> **Task description**: Beginning at the line containing "Residential attic insulation", give again every line through the end of the data, unchanged and with both ends included. Drop any pictures.

> **Stored data**:
**********
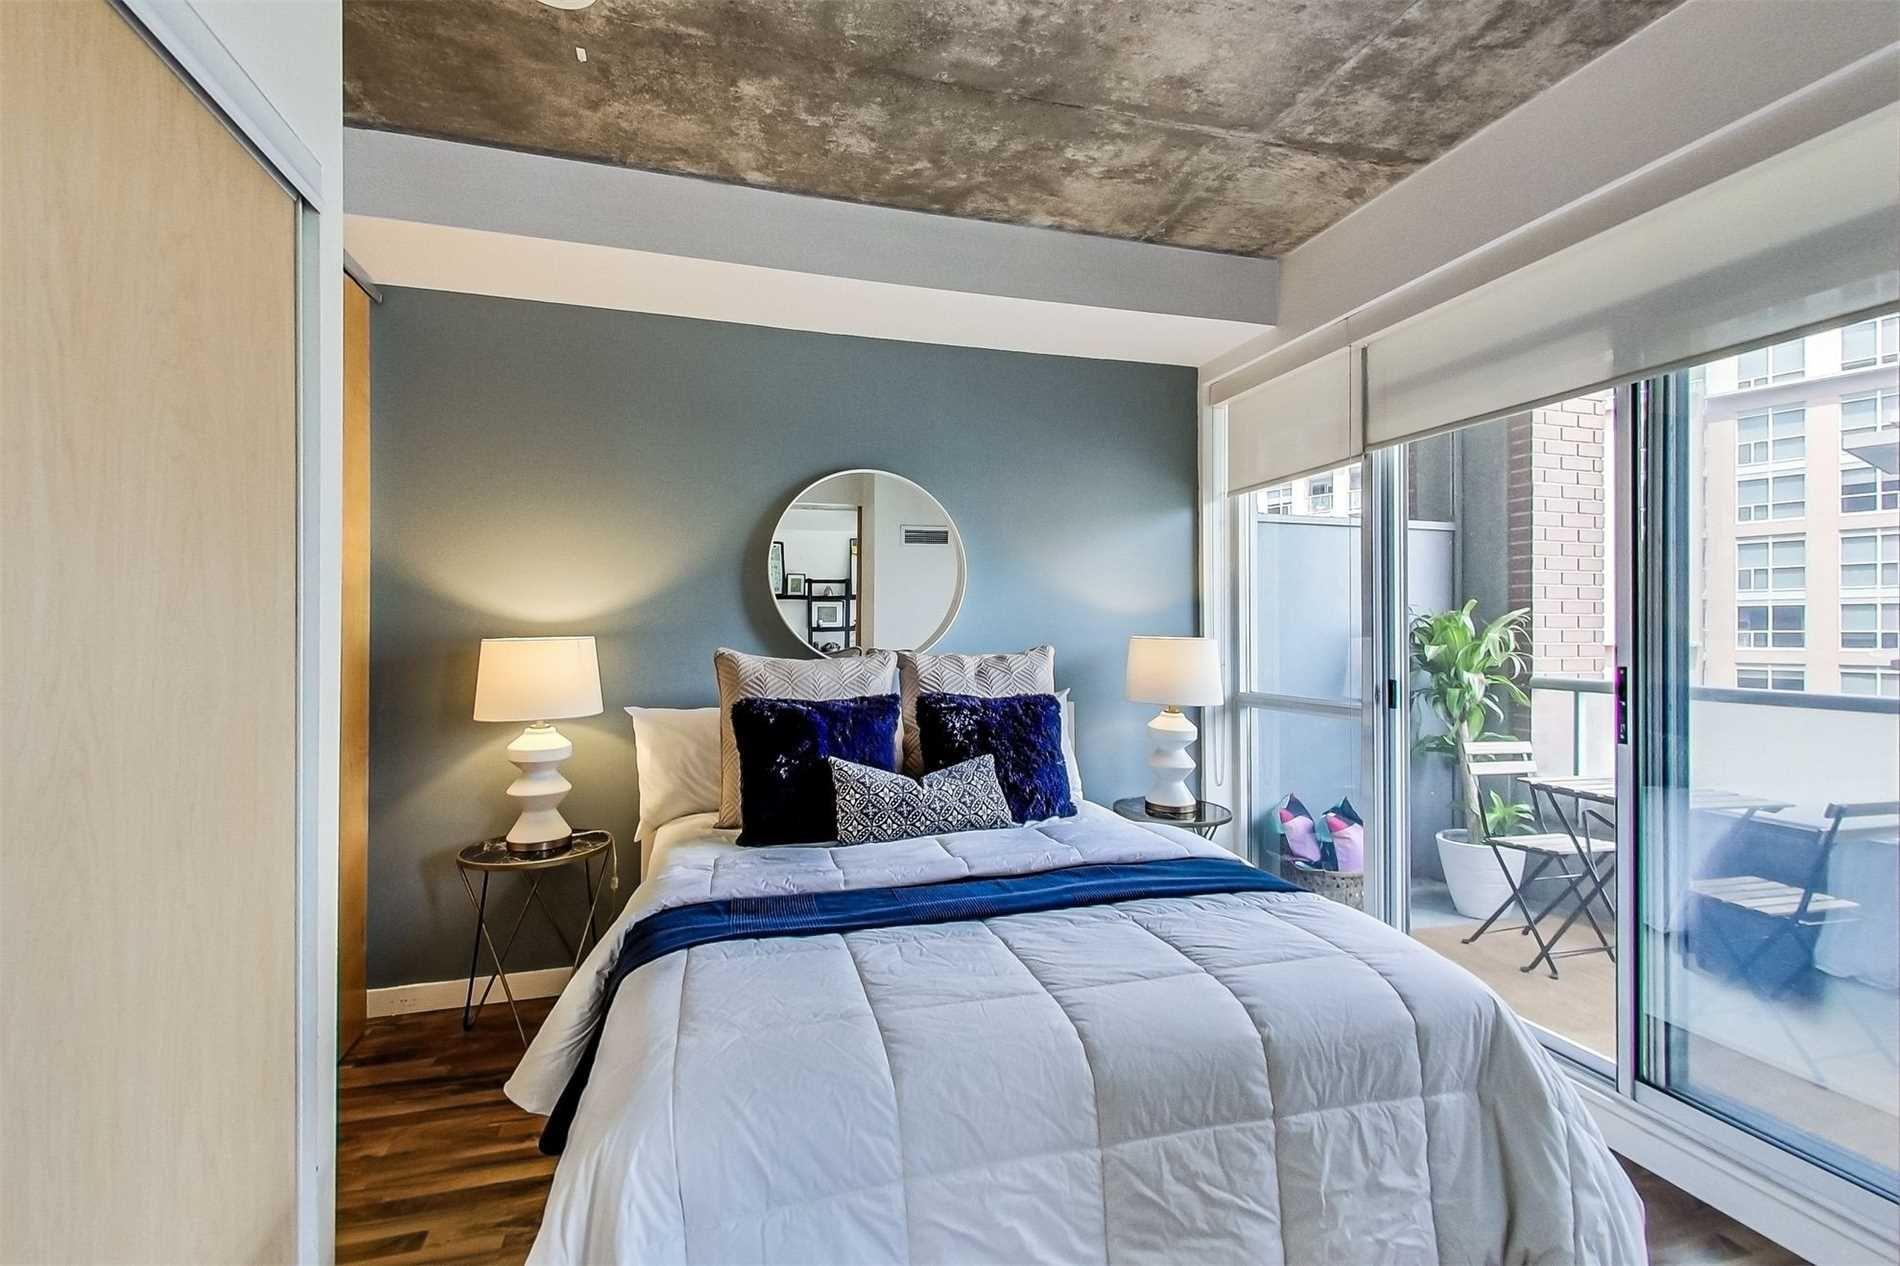 Photo 8: Photos: 307 1 Shaw Street in Toronto: Niagara Condo for sale (Toronto C01)  : MLS®# C4525736
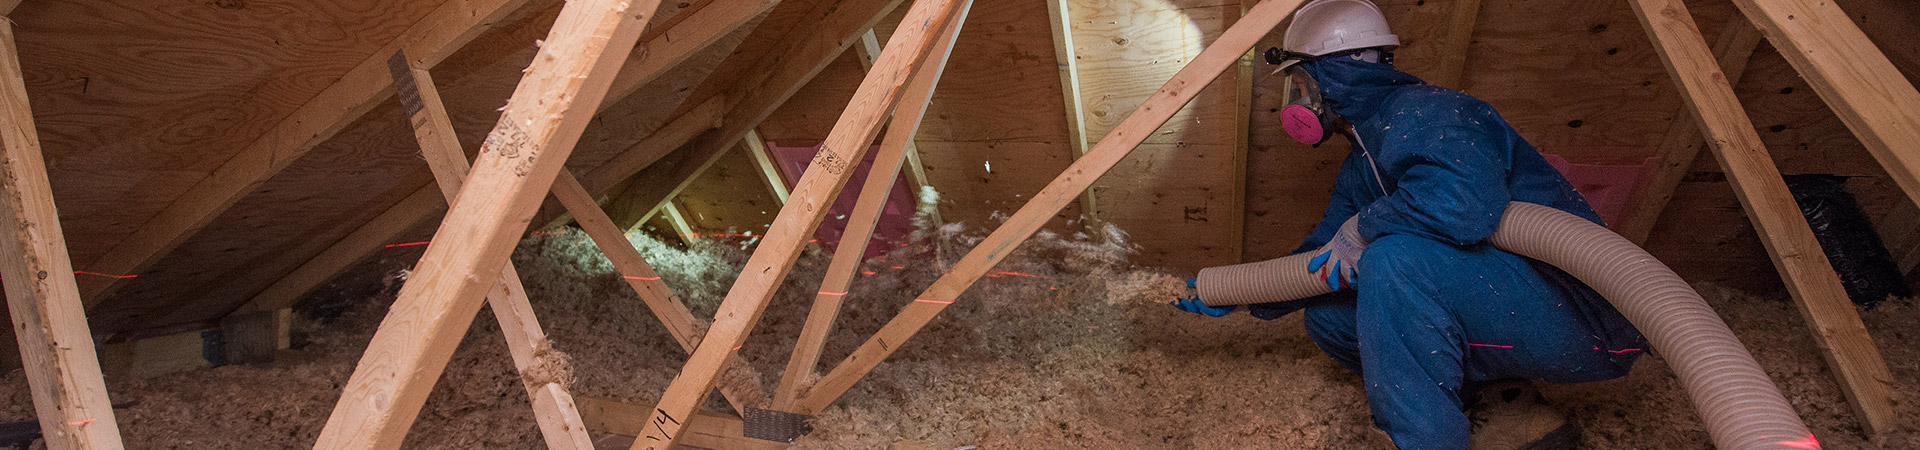 Residential attic insulation burlington hamilton for Foundation blanket wrap insulation
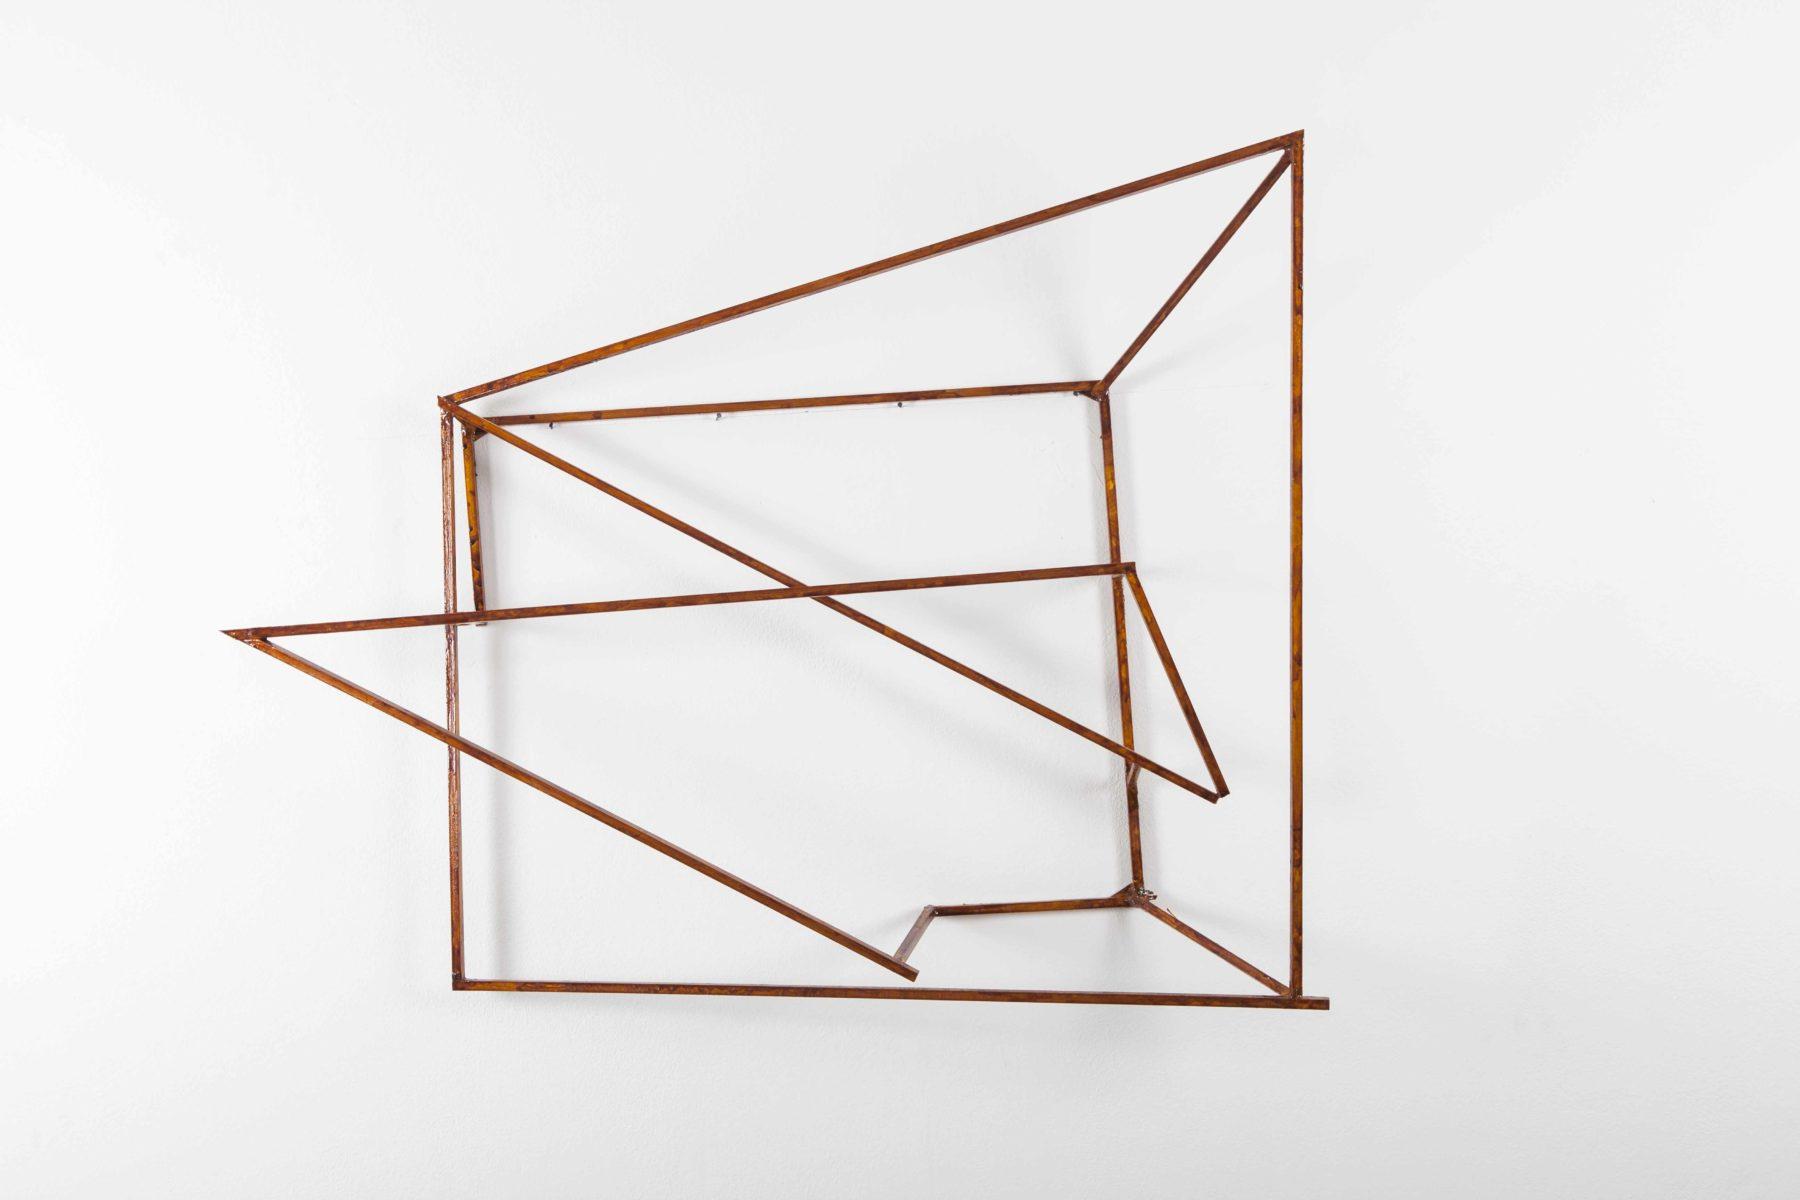 9. Max Frintrop sculture1 Untitled 110x85x27cm - 2012
**********
> **Written reply**:
 Residential attic insulation burlington hamilton for Foundation blanket wrap insulation
 9. Max Frintrop sculture1 Untitled 110x85x27cm - 2012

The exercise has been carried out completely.